Paula entrecerró los ojos.


—Sí, pero es demasiado conservador.


—Te equivocas. Es un gran tipo.


Algo en el tono de voz de su amiga hizo que Paula la mirara con interés. Donna era una mujer preciosa, de cabello rojizo; a pesar de que acababa de llegar del trabajo, parecía tan fresca como si se acabara de levantar. Era algo asombroso. Y su traje azul estaba tan impecable como si acabara de llevarlo a la tintorería.


—¿Estáis saliendo? —preguntó Paula

.
—Bueno... hemos salido a tomar algo un par de veces —respondió Donna, con ojos brillantes.


—Es un obseso del control. Te aseguro que cuando me meta en la cama esta noche aún estaré oyendo esa ridícula campanilla. En lugar de un profesor parece un recepcionista llamando a un botones.
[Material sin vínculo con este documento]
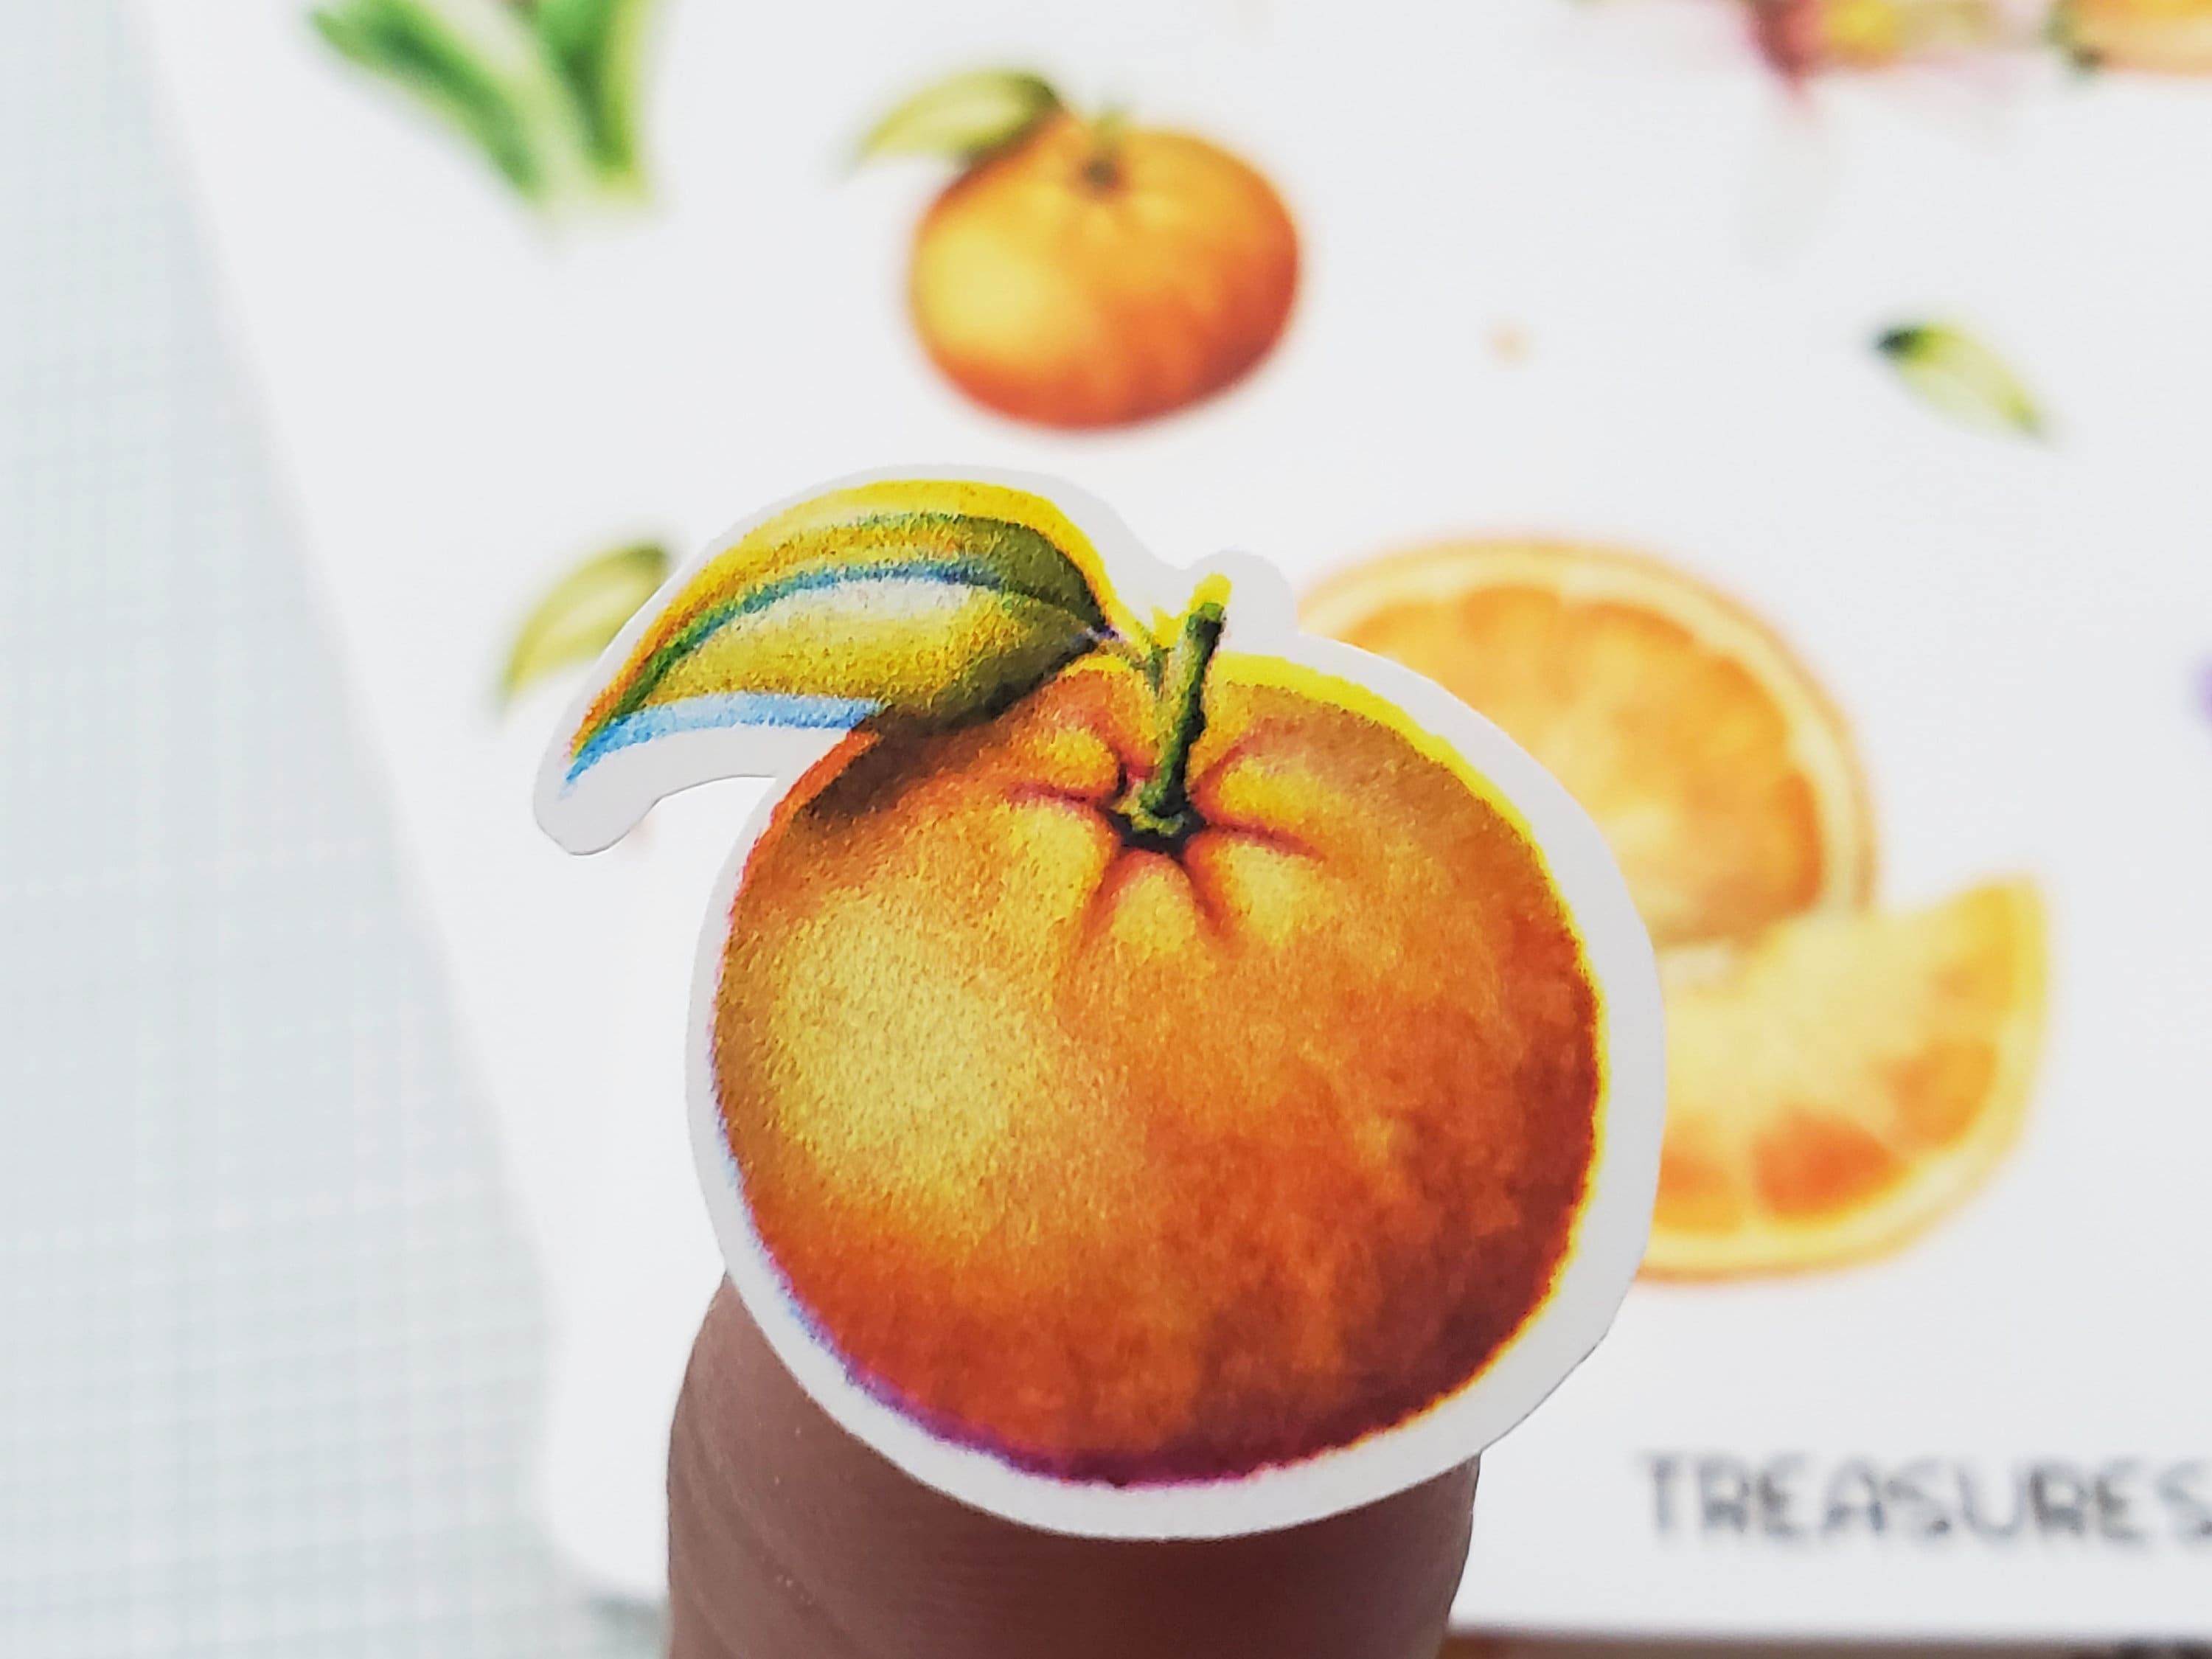 Oranges Sticker Sheet Orange Stickers Citrus Fruit Sticker | Etsy

Donna rió y se echó el pelo hacia atrás.


—Sí, puede que Pedro sea un poco estricto, pero admiro su sentido de la responsabilidad. Ha sido como un padre para su hermana Carolina, y por lo que sé, se ha desvivido por ayudar a su madre durante los últimos años. Su situación familiar es algo complicada.


—¿Su madre está enferma?


—Físicamente no. He tenido ocasión de hablar con ella varias veces, siempre por cuestiones relacionadas con su hija. Carolina es una chica muy problemática, pero Valeria no quiere enfrentarse a ello. La última vez que insinué que hablara con ella, para que variara su actitud, se lavó las manos y puso toda la responsabilidad en Pedro.


—¿Cuántos años tiene Pedro? ¿Treinta y tantos?


—Treinta y dos.


—Mmm...


Paula pensó que Pedro tenía demasiados problemas familiares y que no podía ser un buen partido para Donna, así que decidió interesarse por su último novio conocido.


—Por cierto, ¿qué ha pasado con David, el banquero?


Donna rió.


—Se casó hace dos años con una cliente importante y dejó el trabajo para convertirse en su «asesor financiero». Espero que le vaya bien —añadió con ironía.


Paula sintió cierta vergüenza. Se había concentrado tanto en su trabajo, durante los últimos años, que no se había interesado demasiado por los problemas de sus amigos. Ni siquiera por los problemas de Donna, su mejor amiga.


—Siento haberte involucrado en este lío, Donna. Pero no sabía qué hacer, no sabía a quién acudir. Te agradezco todo lo que estás haciendo por mí. Arriesgas tu trabajo, dejas que viva aquí e incluso me compras ropa... no merezco tantas atenciones.


Paula no podía acudir a sus padres, aunque había sido su primera intención. Sabía lo que podía esperar de Denise y de Roberto Chaves: unos cuantos abrazos y varios besos, seguidos de una permanente irritación por haber introducido un elemento de inestabilidad en sus vidas y por interminables peleas entre sus padres, a cuento de lo que Paula debía hacer. 


Llegados a tal punto, Paula se marcharía y ellos ni se darían cuenta. Lo sabía de sobra. A fin de cuentas, había vivido escenas muy similares durante años y años.


En aquel instante, Donna la tocó en el brazo, sacándola de sus pensamientos.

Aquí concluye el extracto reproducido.